Using Patterns to Determine Reversals or Continuation

Markets generally consolidate within a trend and either correct or continue which can be determined by using specific continuation or reversal chart patterns.  By evaluating these types of patterns, you can trade the market and enter when you are comfortable that either a correction is bound to take place or a continuation is poised to ensue.

Using Patterns to Determine Reversals or Continuation

Head and Shoulder

The most commonly used reversal pattern is the head and shoulder reversal pattern.  This pattern generally occurs as the end of an uptrend.  A reverse head and shoulder pattern usually occurs as the end of a downtrend. A head gets its name when because the pattern looks like a personal head and shoulders.

At the end of an uptrend, a correction occurs, as supply overtakes demand.  Here prices are pushed lower as investors take profits.  Volume plays a very important role here.  If volume picks up as prices move lower, traders can be confident that the uptrend could be on its last legs.  The left shoulder is completed as prices find support and begin to move higher.  The area of support is referred to as the neckline.

Demand then begins to exceed supply as is usually the case in an uptrend.  Prices break out to fresh highs, but generally volume is declining. If volume in increasing, it can be hard to determine if a head and shoulders is forming.  Once a fresh high is formed, the head is complete, and prices begin to decline back through the left shoulder and down to the neckline.

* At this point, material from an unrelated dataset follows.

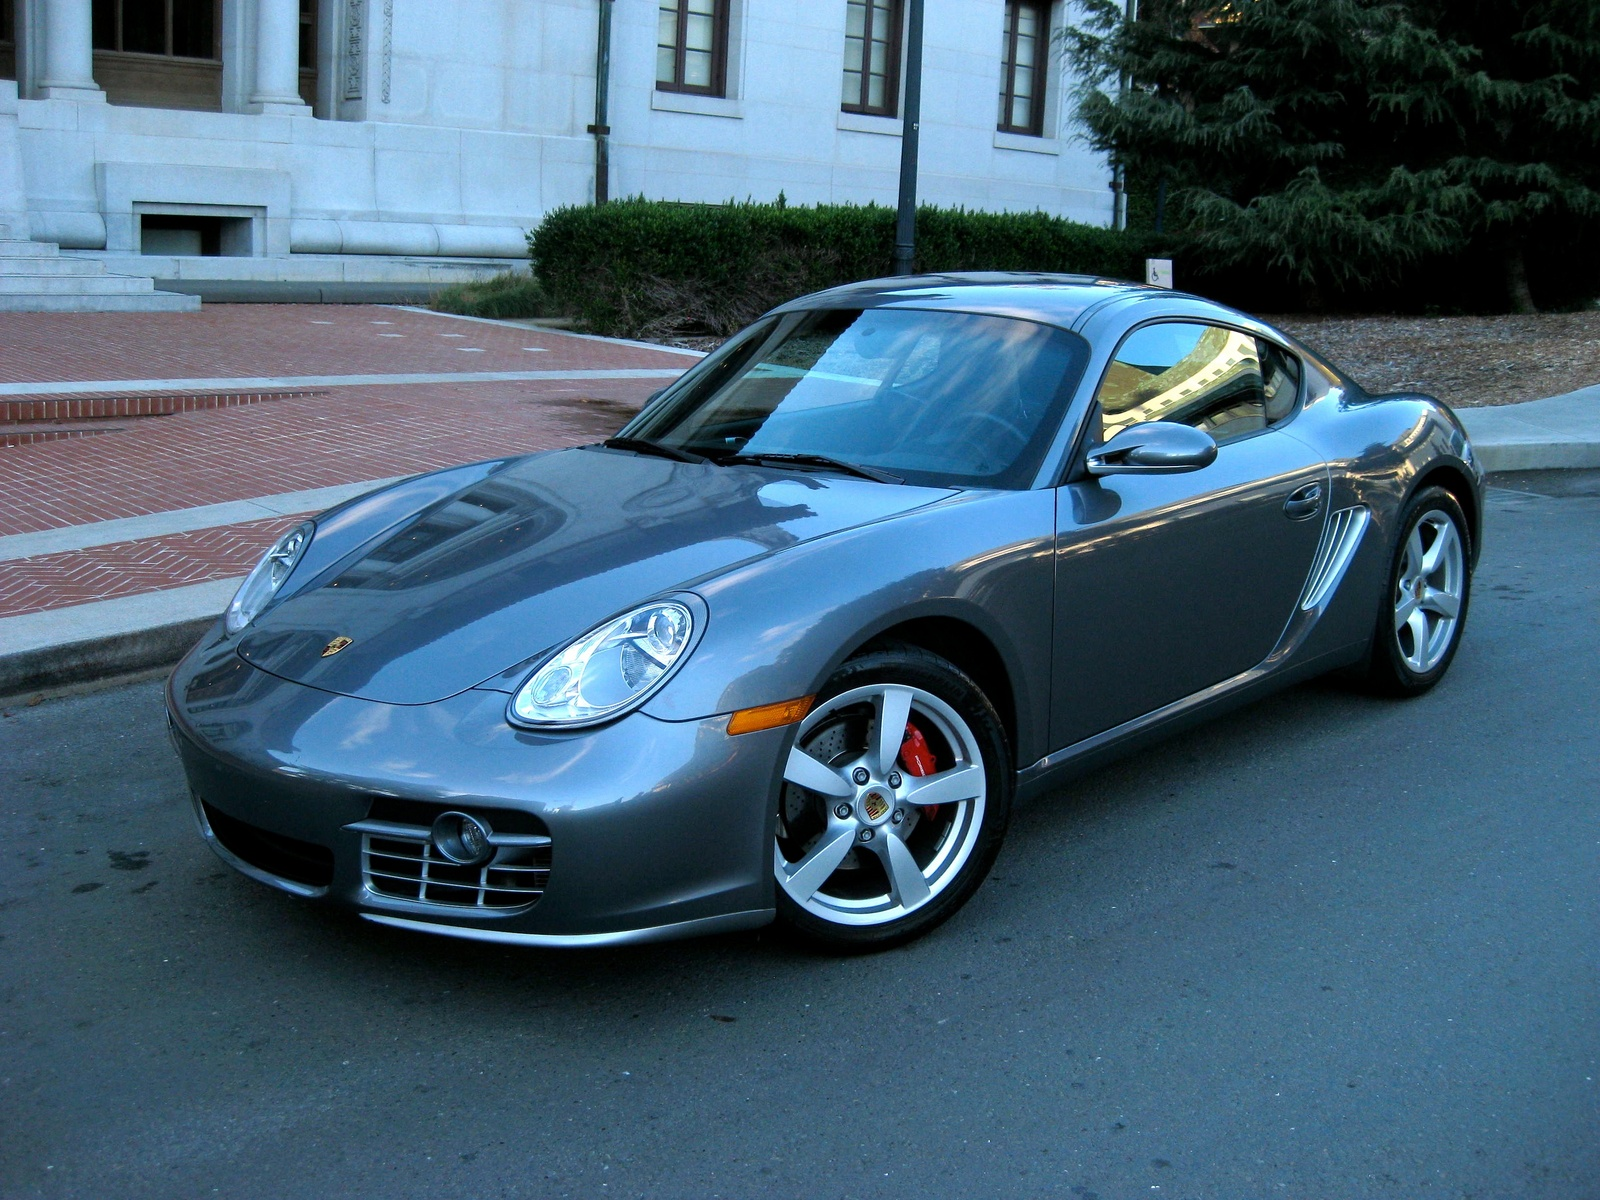 2007 Porsche Cayman Exterior Pictures Cargurus

Traders are still bullish when the head pattern occurs, and the higher high generally reflects this scenario.  At the neckline, traders will purchase the security with the hopes that the market will again move higher.  Resistance is hit as the right should is formed which is always lower than the head and generally lower than the left shoulder.  Volume begins to pick up as prices move lower toward the neckline. When prices break through the neckline, volume generally surges reflecting the completion of the reversal pattern.


A continuation pattern is a pause that refreshes.  Flag patterns are continuation patterns that form the shape of a flag.  After a security breaks out to fresh highs, it will consolidate moving lower forming inside days, as traders take stock of the recent break out.  For a bull flag pattern, prices will edge lower for a couple of days as the consolidation takes hold.  For a break flag patter, prices will generally edge higher.  A flag pattern is complete when prices either hit a new fresh high for a bull flag pattern, or a new low on a bear flag pattern.


A triangle pattern represents indecision.  Attempts to push a market higher are met with resistance and attempts to drive the market lower are met with support.  The movements become shallower as further indecision takes hold. As price action consolidates, energy starts to build which is released once a new high is breached or a new low is hit.  Generally, the break out or break down is met with increasing volume. Triangles can be symmetrical or ascending or descending.

Patterns generally occur during consolidation periods, and can help you determine if a market is poised to reverse or pauing before refreshing.